Harry James Potter awoke suddenly, drenched in a cold sweat, as the echo of Ginny Weasley’s anguished tones rushed through his mind. He closed his eyes and sighed, wishing nothing more than to go back to the world where he belonged; to the woman he knew he should be with.

“Damn,” he swore softly to himself as he rose out of his bed, rubbing his temples gingerly as the vestiges of his chronic nightmare faded away. He grabbed a pair of pants that had fallen to the ground in his cramped and deteriorating apartment, as outside the morning sounds of a stirring city began to sound. He wouldn’t be here long, he knew: he had barely stayed for a fortnight in Berlin before he had left, and he had been in Prague for perhaps two months, at the most. And before that, before that he couldn’t even really remember, because he had simply kept moving, always going somewhere, never waiting for the Death Eaters to catch up to him.

Soon. Soon, he would be able to return. When the last of his wounds had healed, when the last of the Death Eaters had been defeated, he would be able to go back to country of his birth, back to the people who loved him.

“Ginny,” he whispered softly, remembering the love that he had abandoned. He shook his head slightly, ignoring the pain that the action caused, and pulled a shirt over his head, dressed and ready to face another day.

He moved across the hall into his garishly decorated kitchen and grabbed an apple to eat, too lethargic and too apathetic to prepare anything substantial. Is this what he had been reduced to? He had gone from a man who had once been a hero to someone who could barely extract himself from his bed every morning, dreading every waking hour. For that is what it truly was; he could not stand to be awake, for it reminded him of everything he had ever lost, and everything that could have been his.

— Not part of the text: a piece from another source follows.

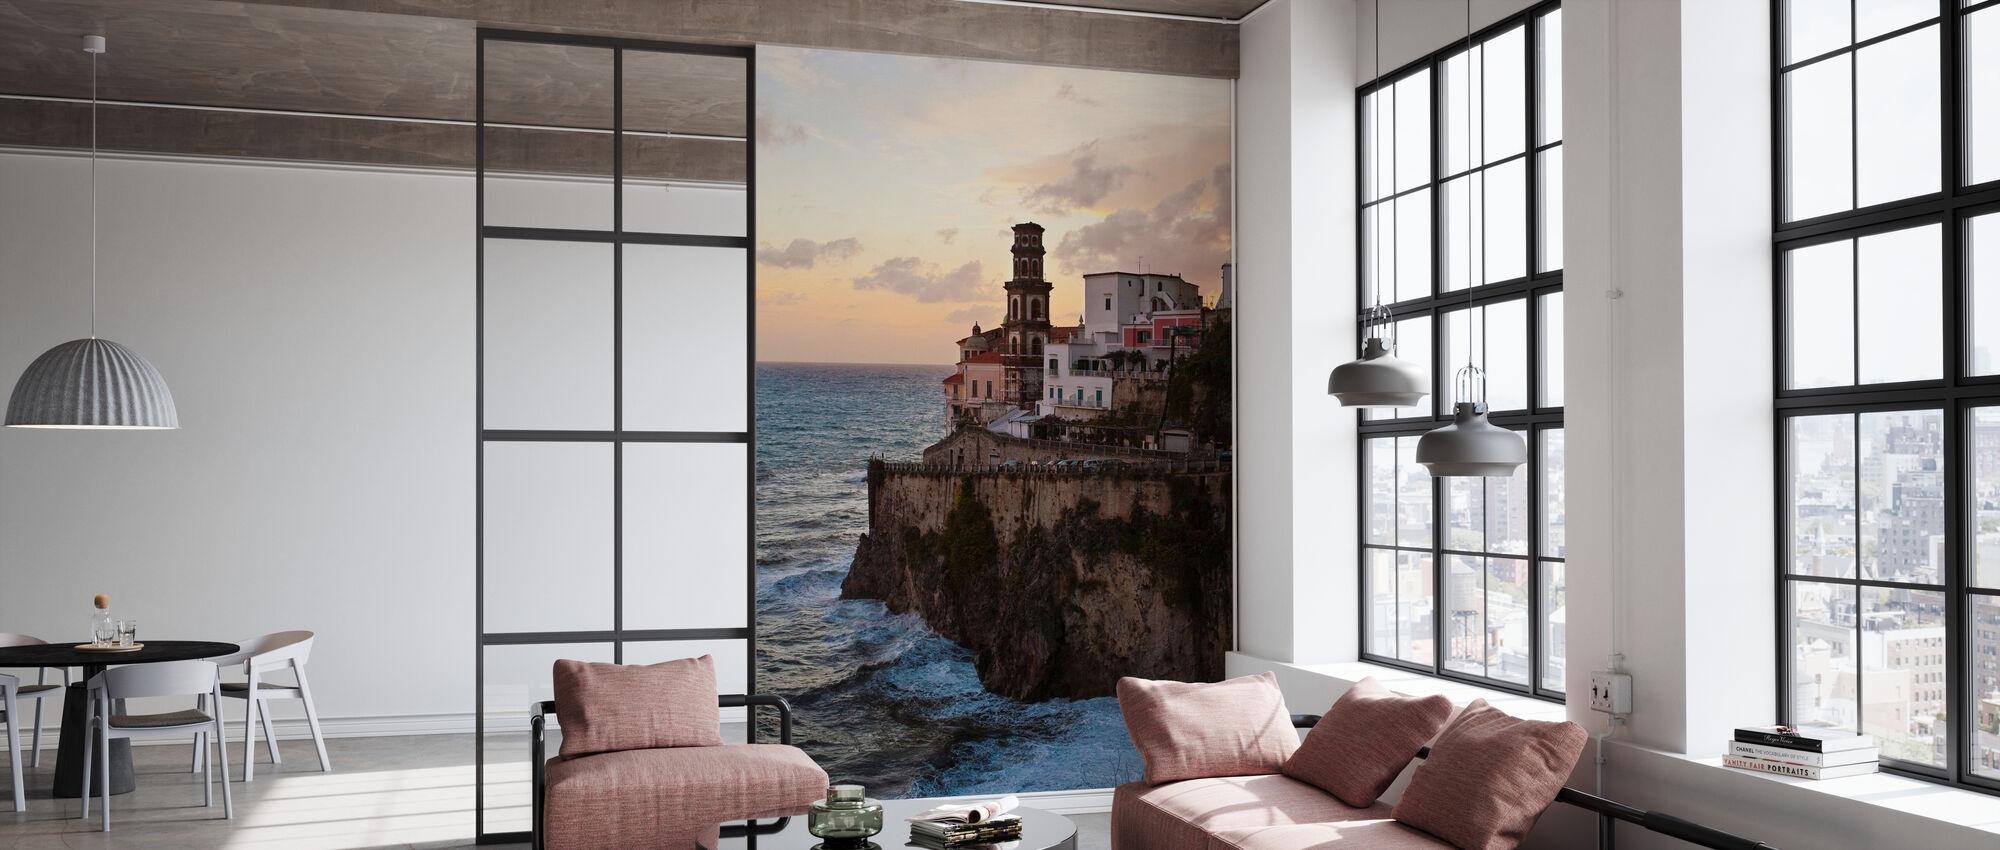 Vietri Sul Mare, Italia - Tapet - Kontor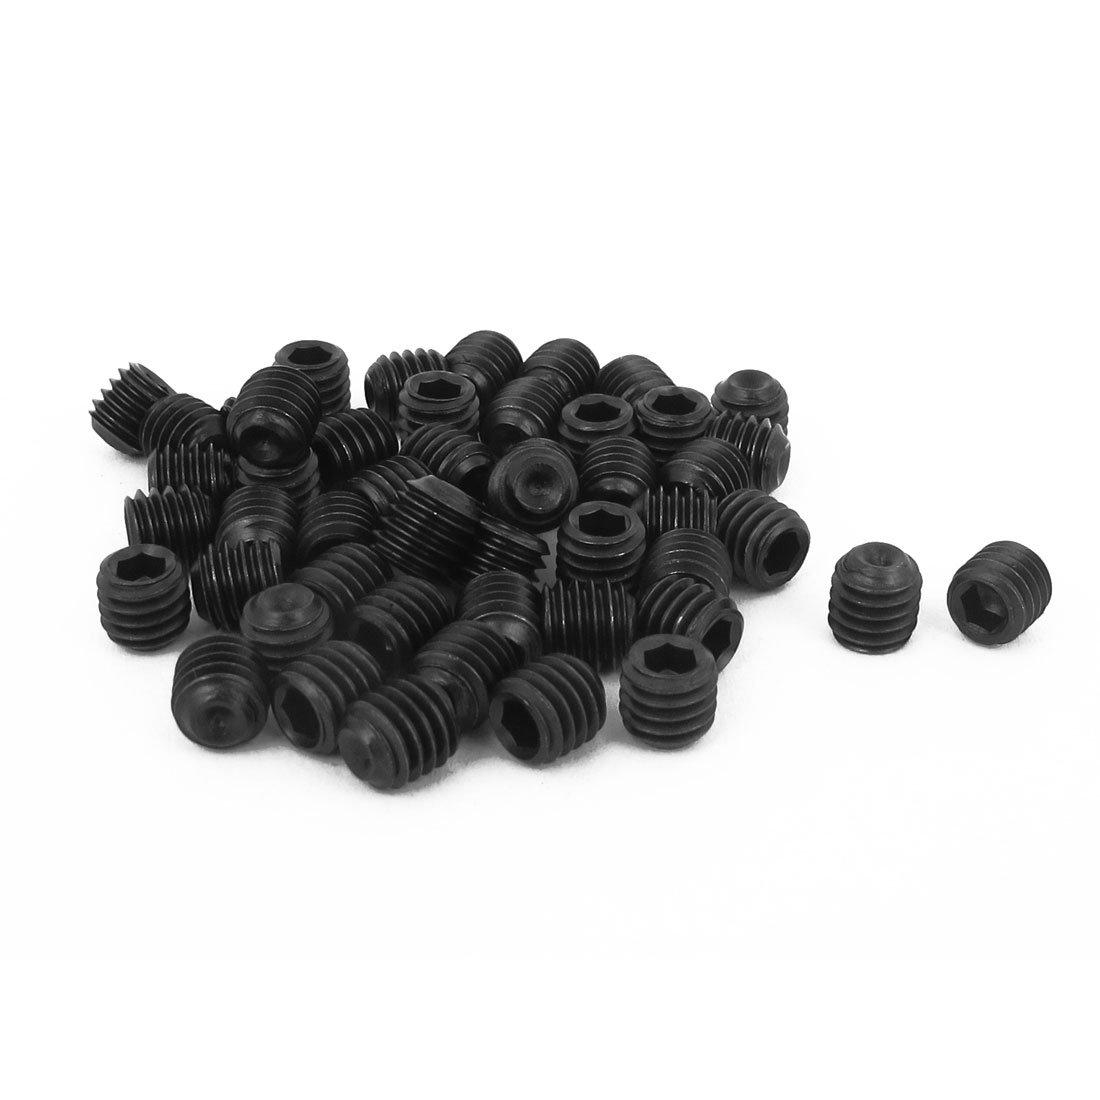 uxcell M6 x 6mm 1mm Pitch Hex Socket Set Cup Point Grub Screws Black 50pcs a15071800ux0205

A knock on the door interrupted his self-pitying reverie, as his well-honed reflexes took over. He grabbed his wand from his front pocket (never the back), and moved swiftly without a sound to the door of his flat, silently cursing the fact that he had never invested in a Foe-glass. He paused, waiting.

“Harry?” called a soft voice, and he was surprised, not only for the fact that someone had found him, but that he recognized the voice. He unlocked the door cautiously then, and stood up, still clutching his wand, prepared for anything.

For almost anything, it turned out. As the door swung open and revealed the young woman on his doorstep, his heartbeat quickened in shock, and his grip on his weapon faltered slightly, as he studied not the woman before him but the small child in her arms, silent and curious.

“Hello, Harry,” she said softly, smiling sadly as she met very shocked emerald eyes. “May we come in?”